Professional boxing record
- Total: 5
- Wins: 4
- By knockout: 4
- Losses: 0
- Draws: 1

Kickboxing record
- Total: 50
- Wins: 38
- By knockout: 33
- Losses: 10
- By knockout: 6
- Draws: 2

Mixed martial arts record
- Total: 6
- Wins: 5
- By knockout: 5
- Losses: 1
- By decision: 1

Other information
- University: Dickson College
- Boxing record from BoxRec
- Mixed martial arts record from Sherdog

= Ben Edwards (kickboxer) =

Australian boxer and mixed martial arts fighter

Ben "The Guvner" Edwards (born 17 February 1985) is an Australian heavyweight kickboxer, boxer and mixed martial artist. He is the K-1 World Grand Prix 2010 in Canberra tournament champion.
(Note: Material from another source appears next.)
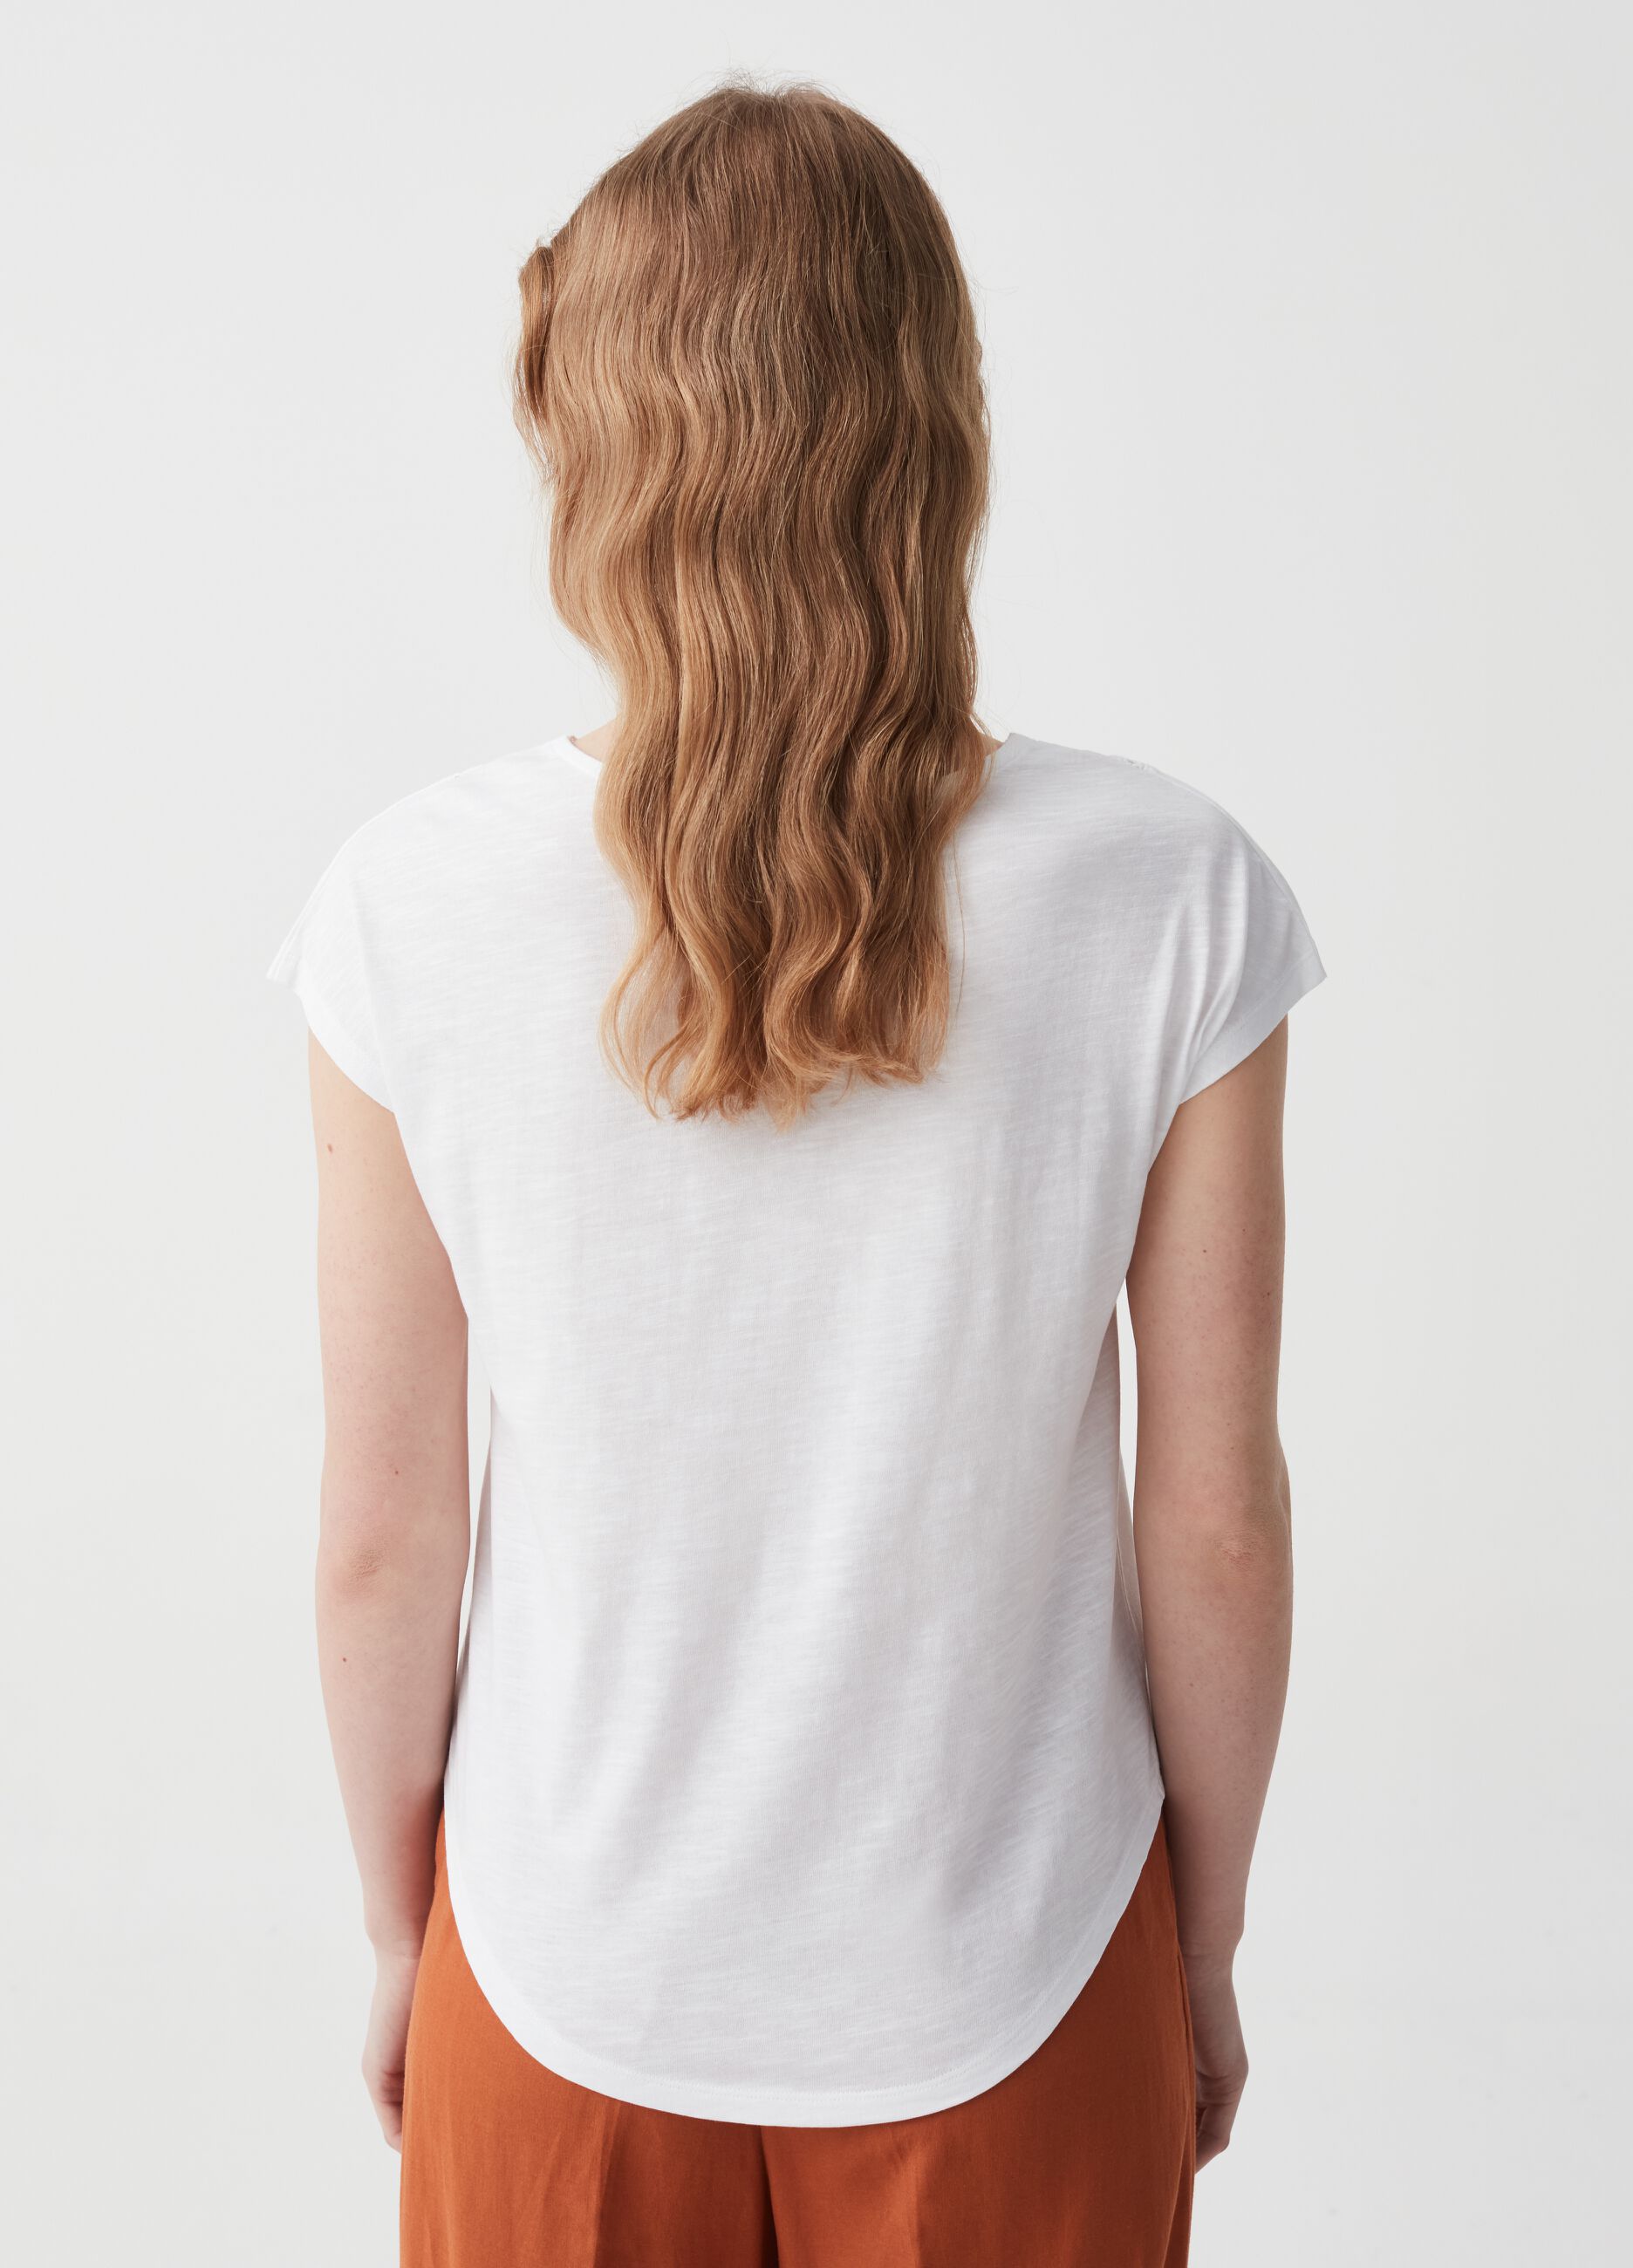 T-shirt with openwork and lace details

He won the tournament by three 1st-round KOs, the fastest win in K-1 history, in a total time of 3 minutes and 28 seconds, breaking the previous record held by Jerome Le Banner of 4 minutes and 4 seconds in K-1 World Grand Prix 2001 in Osaka.

Fighting out of Bulldog Gym, Canberra, Australia, Edwards has competed in the K-1, Capital Punishment, Kings of Kombat, SUPERKOMBAT and It's Showtime promotions. He is currently signed to GLORY.

==Biography and career==
Ben Edwards was born in Sydney and has been living in Canberra since he was 4, currently residing in Queanbeyan. He played Rugby league until he was 19. He represented the Canberra Raiders sides in both Harold Matthews Cup and SG Ball sides. He went to Dickson College where he played first grade for the Queanbeyan Blues.

Ben Edwards started kickboxing in 2003 at the Bulldog Gym under late John Verran his coach and mentor.

After winning multiple ISKA kickboxing titles, he made his K-1 debut at the K-1 World Grand Prix 2010 Canberra. He knocked out all three of his opponents in the first round, including tournament favourite, Paul Slowinski, whom he had lost to twice in his career. He still maintains the record for the fastest kickboxing tournament in K-1 history, at 3 minutes and 28 seconds.

At the K-1 Final 16, in the main event he lost to the eventual World Grand Prix champion Alistair Overeem in the first round.

Following the loss he decisioned Carter Williams and knocked out Mighty Mo in 2011. He finished the year with a loss against Roman Kleibl in the semi-finals of the SUPERKOMBAT Fight Club tournament. After being dropped by Daniel Sam in the quarter-finals he finished off his opponent in the second round. Despite dropping Kleibl in the second round he was TKOed in the final round after running out of energy.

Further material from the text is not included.